There are loosely connected stories of odd couples, unequal friendships and isolated workers whose frailties are exposed by the city’s indifference. Communion Town is speculative rather than realist fiction and there’s a haunting, recurring image of the flâneur that lends a dream-like quality to the prose. Thompson’s trump card is his magpie approach to genre including Chandler-esque detective fiction, a Sherlock Holmes style adventure with a metaphysical twist, and the sort of visionary horror that Arthur Machen employed to turn London into a sinister dreamscape. Communion Town is a book that will benefit from repeated readings: each time you pick it up, the imaginary streets will feel as alive with possibility and strangeness as our own metropolis.

February 18, 2013

The Corn Maiden and Other Nightmares: Joyce Carol Oates

by Andre

Joyce Carol Oates THE CORN MAIDEN AND OTHER NIGHTMARESWith a 50-year career that takes in novels, short stories, young adult fiction, poetry, reviews, and edited anthologies as well as book-length memoirs and essays ranging from widowhood to boxing, keeping up with the astonishing literary output of Joyce Carol Oates is a job of work. But it’s an occupation that never feels like a chore, such is the emotional pull of her prose and the thrilling sense of dread in her stories.

Her latest collection – though another one will probably turn up any minute – is lyrical, elegant and shocking in a way you might not anticipate from such an admired woman of letters. The novella that gives the book its title is the case of a missing girl told from multiple perspectives in which Oates adroitly pairs adult emotions of guilt, regret and loss with an adolescent rage that threatens to explode into ritual killing.
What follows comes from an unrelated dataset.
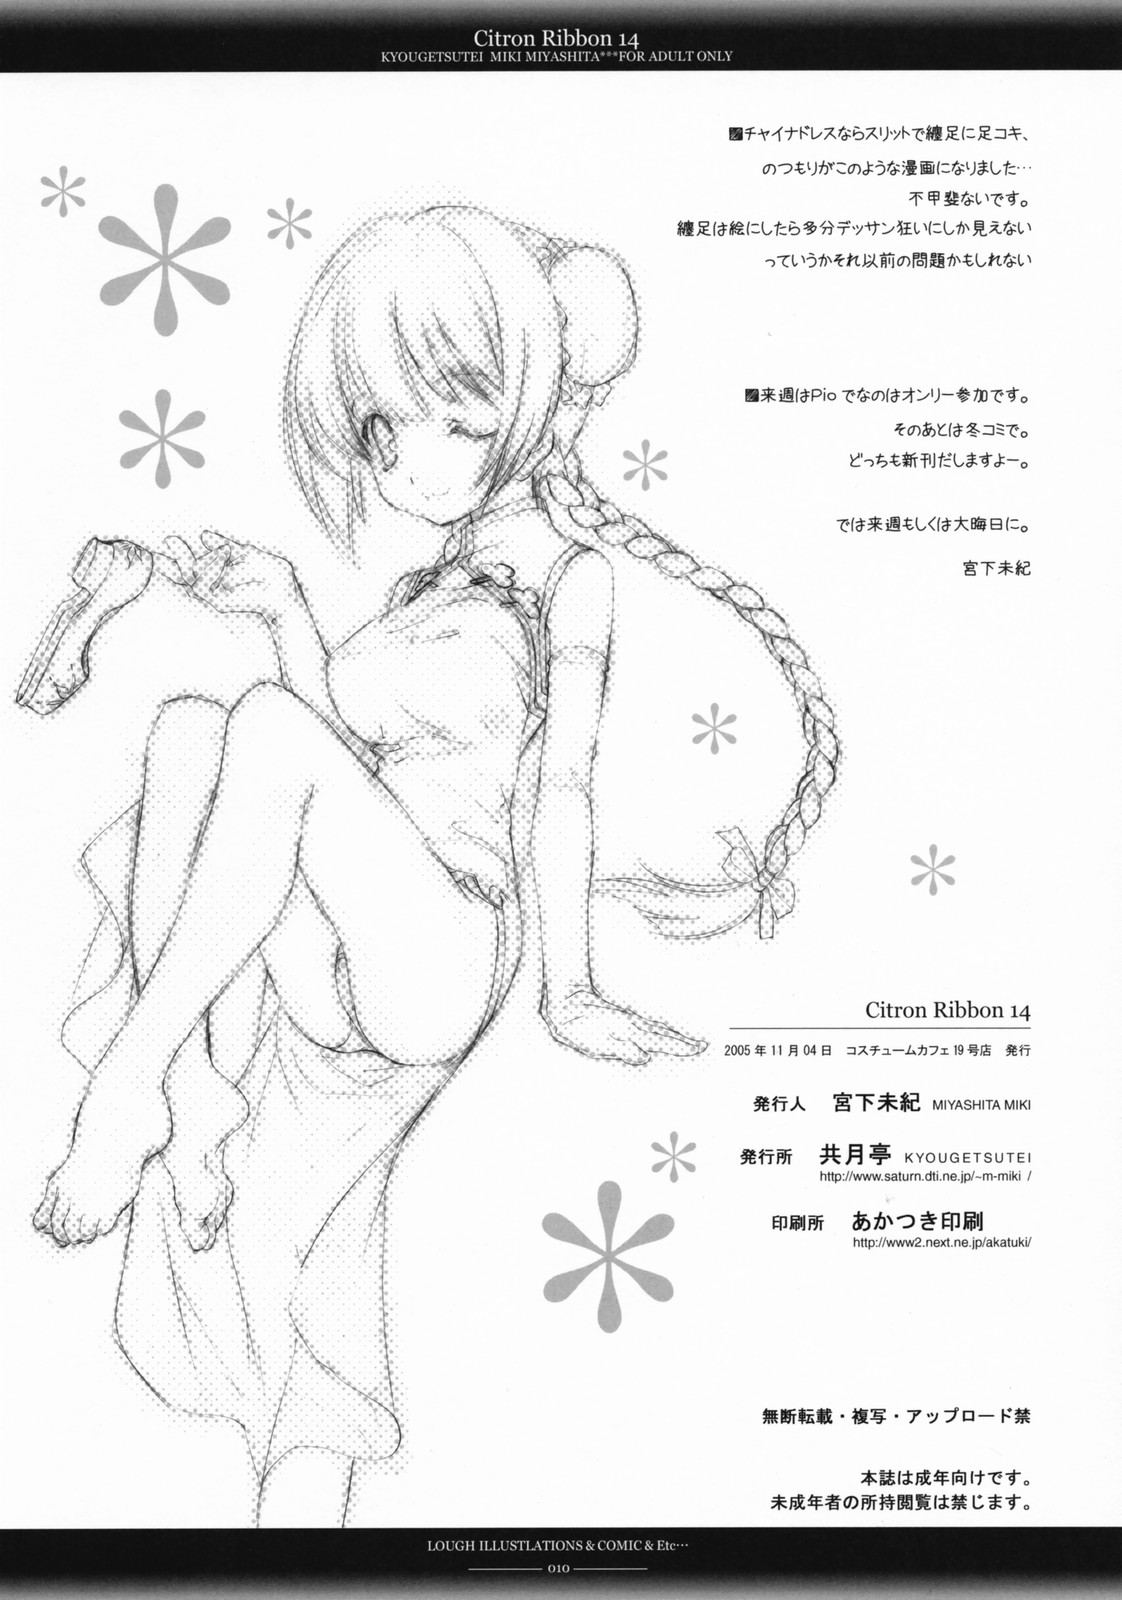 (C73) [Kyougetsutei (Miki Miyashita)] Citron Ribbon 14 (Kidou Senshi Gundam 00 / Mobile Suit Gundam 00) [Chinese] (C73) [共月亭 (宮下未紀)] Citron Ribbon 14 (機動戦士ガンダム00) [中文翻譯]
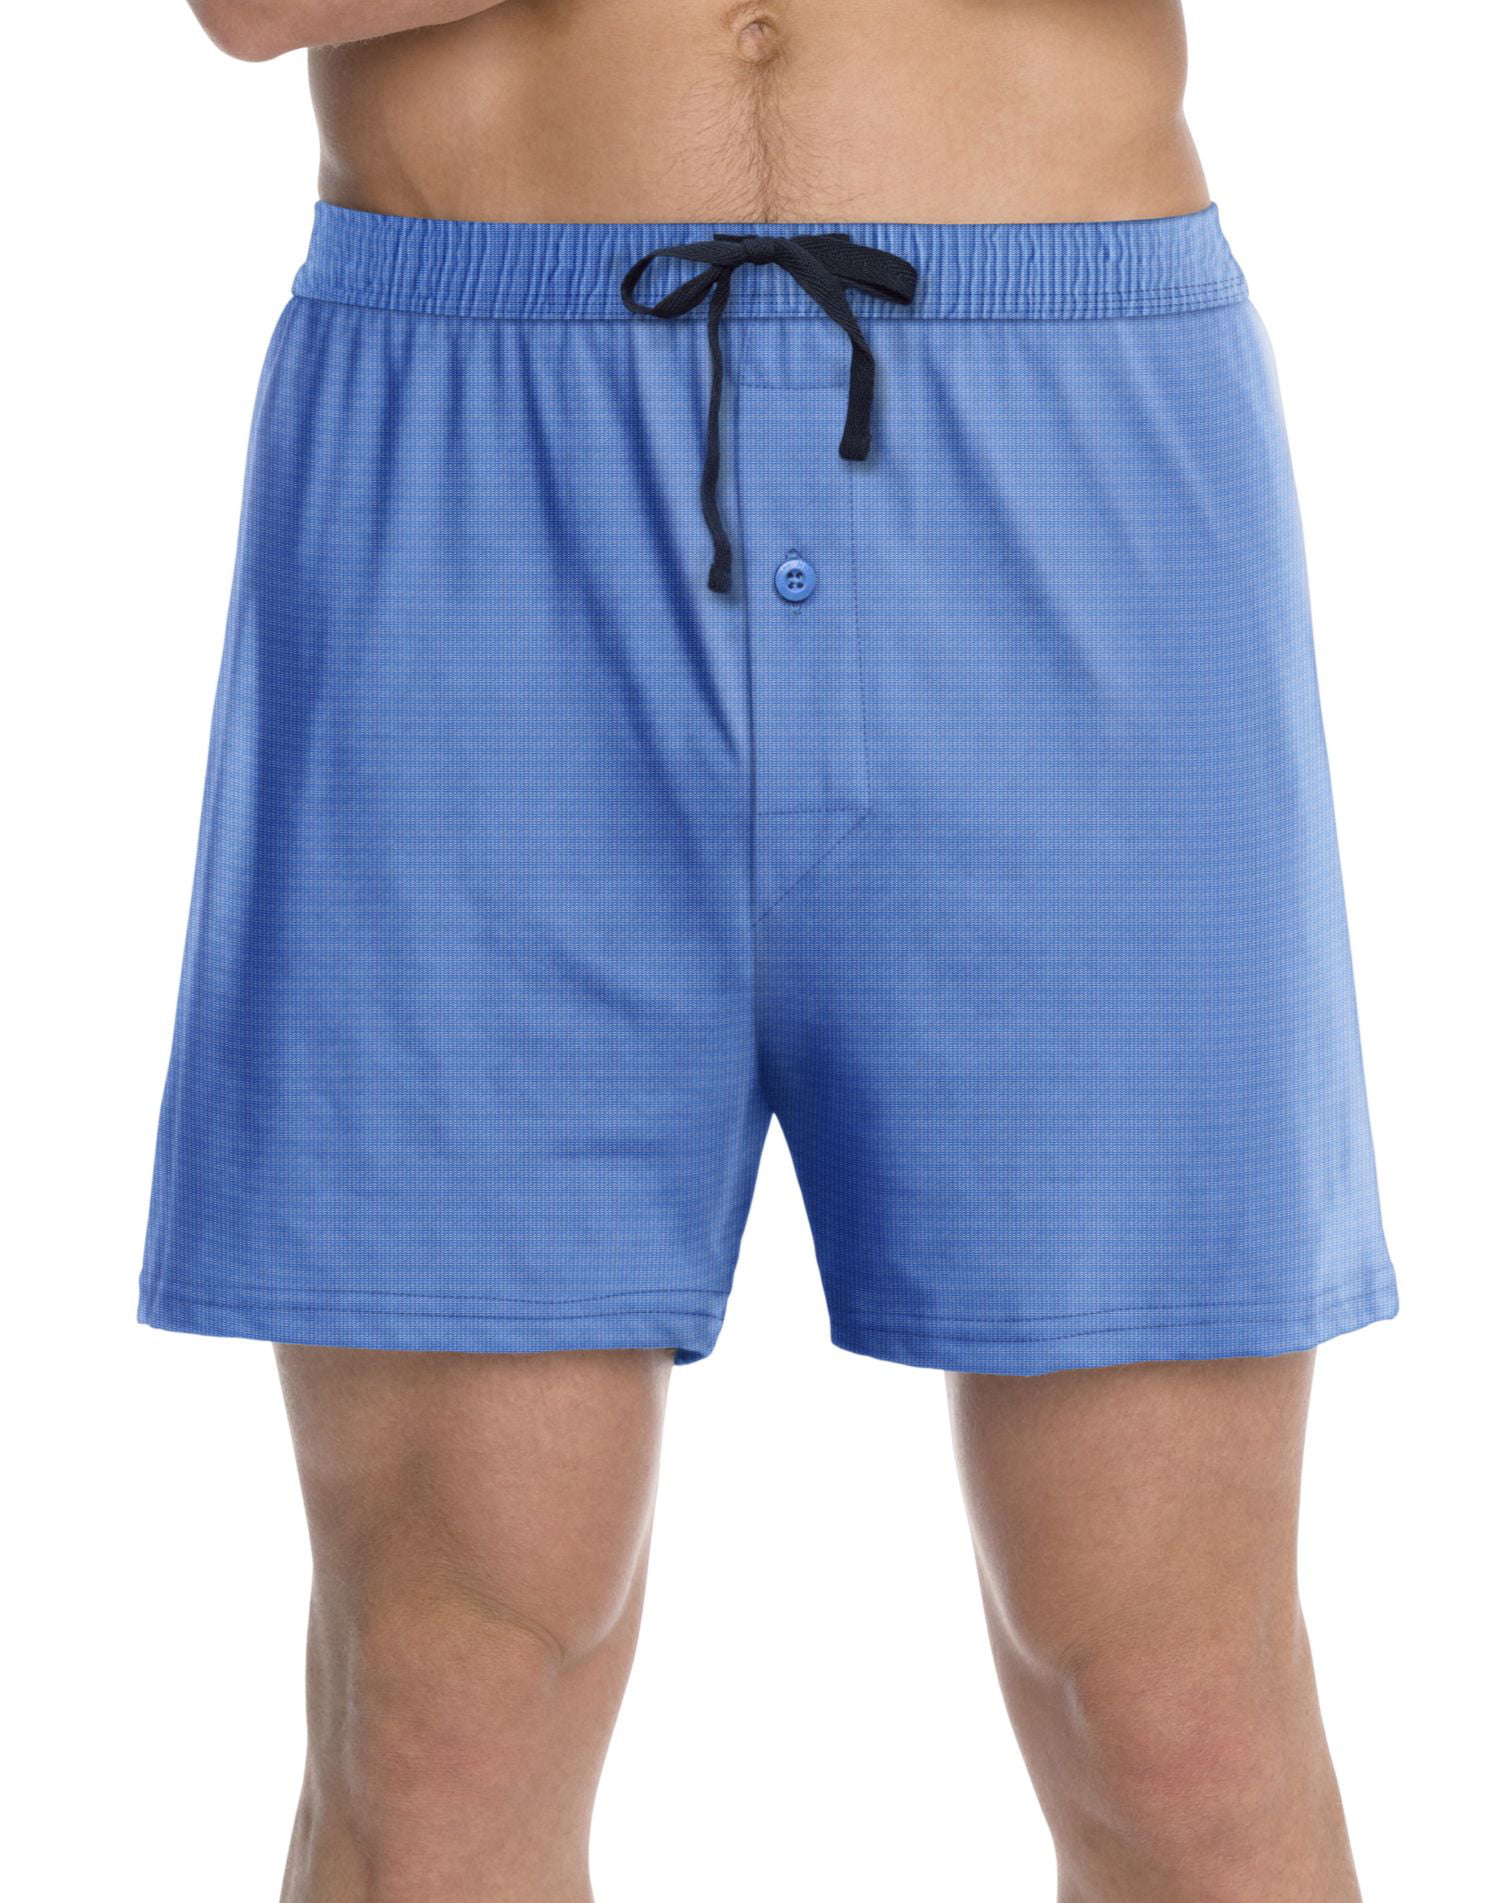 Hanes Men Short shorts - Walmart.com

There’s also a brace of tales about evil twins, a devastating story about a jealous sibling and a breathless account of a plastic surgeon losing his grip – literally – that’s just plain nasty. Edgar Allan Poe is clearly a lifelong influence on Oates’s intricate, intoxicating horror. Once you wander in, the temptation to lose yourself in her literary backlist may be hard to resist.

January 1, 2013

HHhH: Laurent Binet

by Stuart

Now in paperback – £8.99

Laurent Binet’s debut was one of the hottest books of 2012. A genre-bending piece of ‘fictionless’ historical fiction, it’s a novel about mind-bendingly chilling facts: those surrounding the awe-inspiring story of the 1942 assassination of Gestapo honcho Reinhard ‘The Blonde Beast’ Heydrich. On the first page Binet claims that Heydrich’s British-trained Czech assassins are “the authors of one of the greatest acts of resistance in human history, and without doubt the greatest of the Second World War.” By the last page you’ll be in total and permanent agreement. Obsessed with the past but gleaming with radical innovation, HHhH is urgent and new and terrifying and beautiful and pretty much the best thing that’s happened in literary fiction for ages.